# Black Rat Snake vs. Chicken Egg



## Hedorah99 (Aug 12, 2007)

Now if I can only get him to eat tofu....


I had read that Black Rats had been seen raiding bird and chicken nests in the wild but just kinda dismissed it as a myth. Some of the camp groups at the zoo found some pics of one at another zoo eating a chicken egg, so I decided to see if our 17 year old male BRS would like one. Surprisingly he began to eat it with no coaxing. I held it in front of his mouth with some tongs and he grabbed it after only a few seconds of smelling it. I had put a crack in the egg just to make sure he could crush it after swallowing it. The whole thing took about 20 minutes start to finish. Here are a few pictures taken by one of my interns.


----------



## froggyman (Aug 12, 2007)

hows the attitude on those??


----------



## Hedorah99 (Aug 12, 2007)

froggyman said:


> hows the attitude on those??


This guy has been in captivity 15+ years. He is a sweet heart except when he is getting close to a shed.
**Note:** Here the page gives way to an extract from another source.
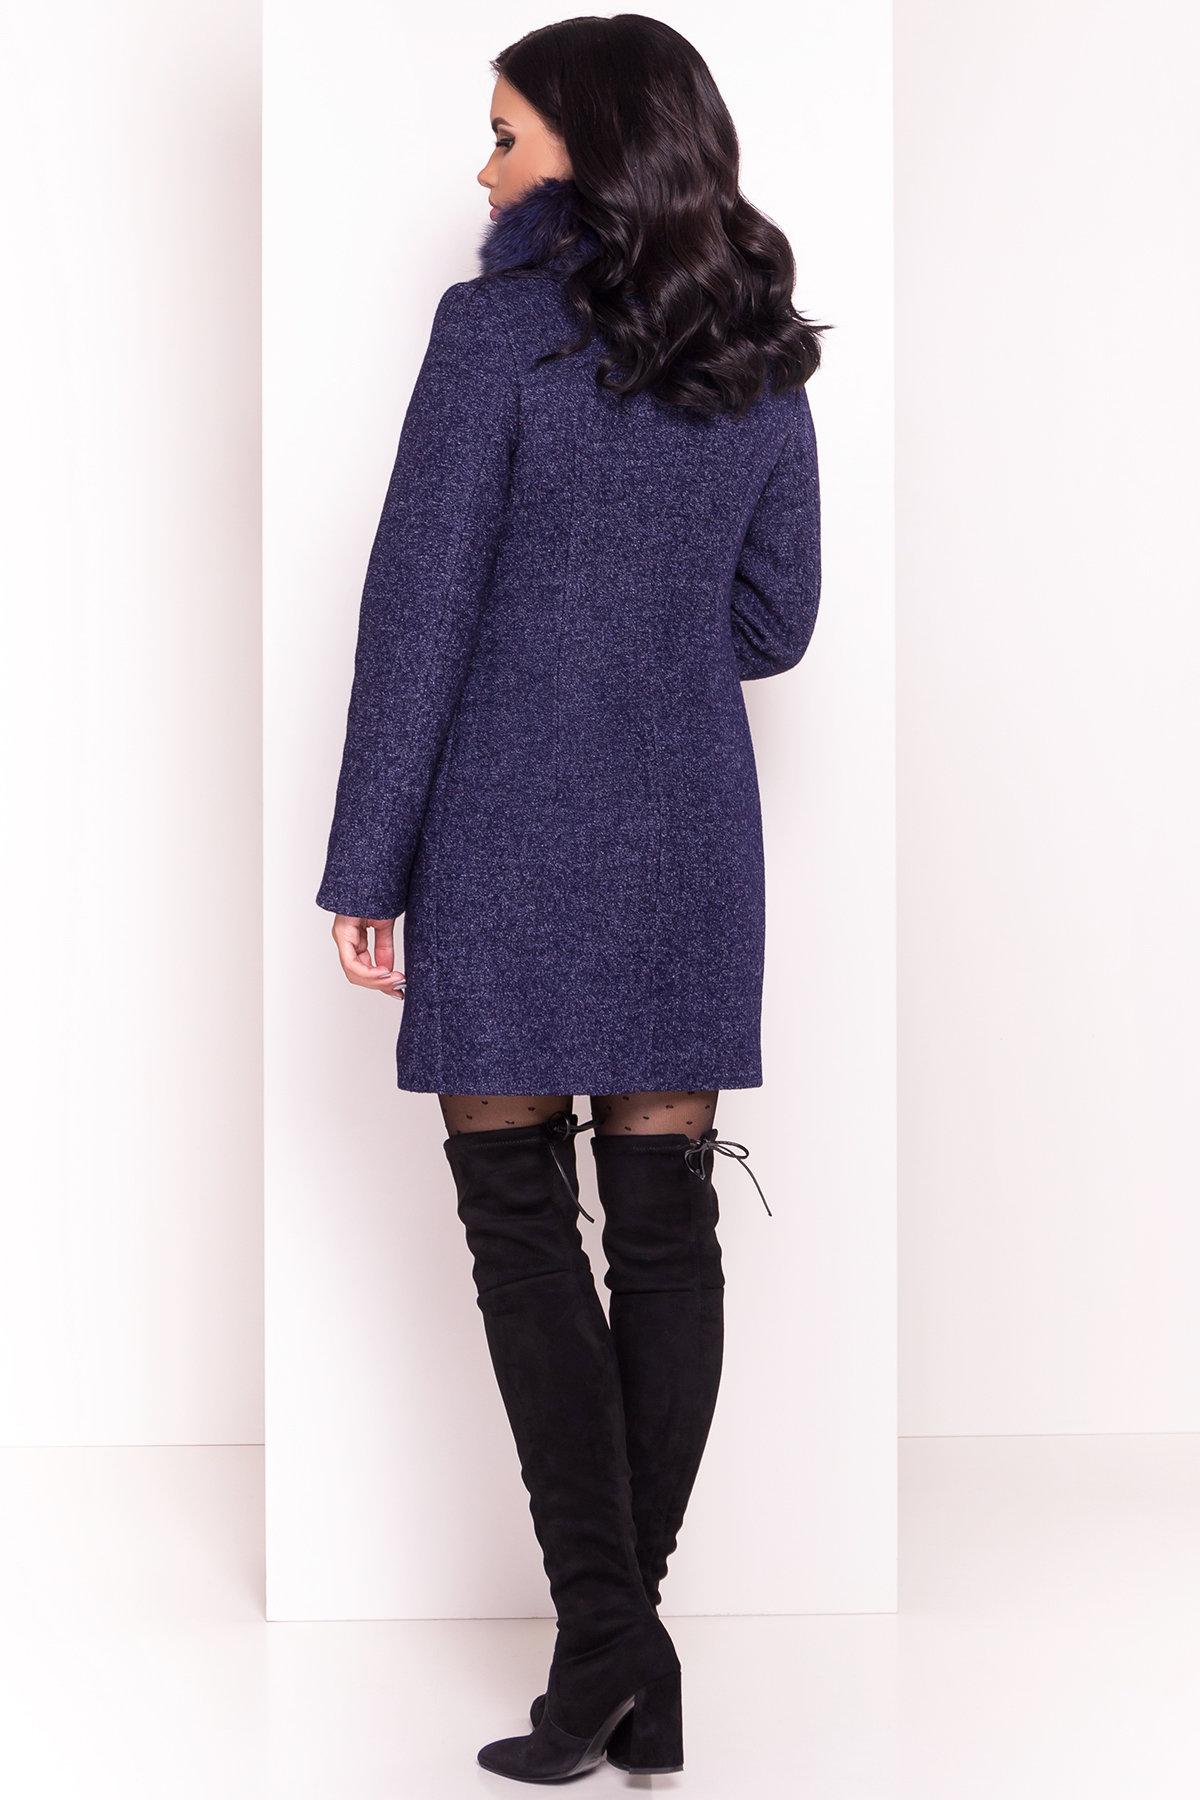 Пальто зима Сплит 3359 АРТ. 18862 Цвет: Темно-синий - фото 4, интернет магазин tm-modus.ru

His mate was really easy going and all their offspring I have raised are pretty easy going. That being said, the one wild one I had my hands on was forged by Lucifer himself. I dunno if he is the one exception, but they are a generally laid back snake.


----------



## froggyman (Aug 12, 2007)

maybe CB makes them more docile?


----------



## Hedorah99 (Aug 12, 2007)

froggyman said:


> maybe CB makes them more docile?


Just being handled and being around people does. We have an eastern milk snake that was wild caught that now tolerates prolonged contact and being fed via tweezer. We even have a northern water snake that I regularly use for education programs. Some snakes just require more attention than others.


----------



## froggyman (Aug 12, 2007)

cool thanks!


----------



## Schlyne (Aug 12, 2007)

I know you said you cracked the shell for him, did he crack the egg after swallow and regurge the shell like regular egg eating snakes?


----------



## Hedorah99 (Aug 12, 2007)

Schlyne said:


> I know you said you cracked the shell for him, did he crack the egg after swallow and regurge the shell like regular egg eating snakes?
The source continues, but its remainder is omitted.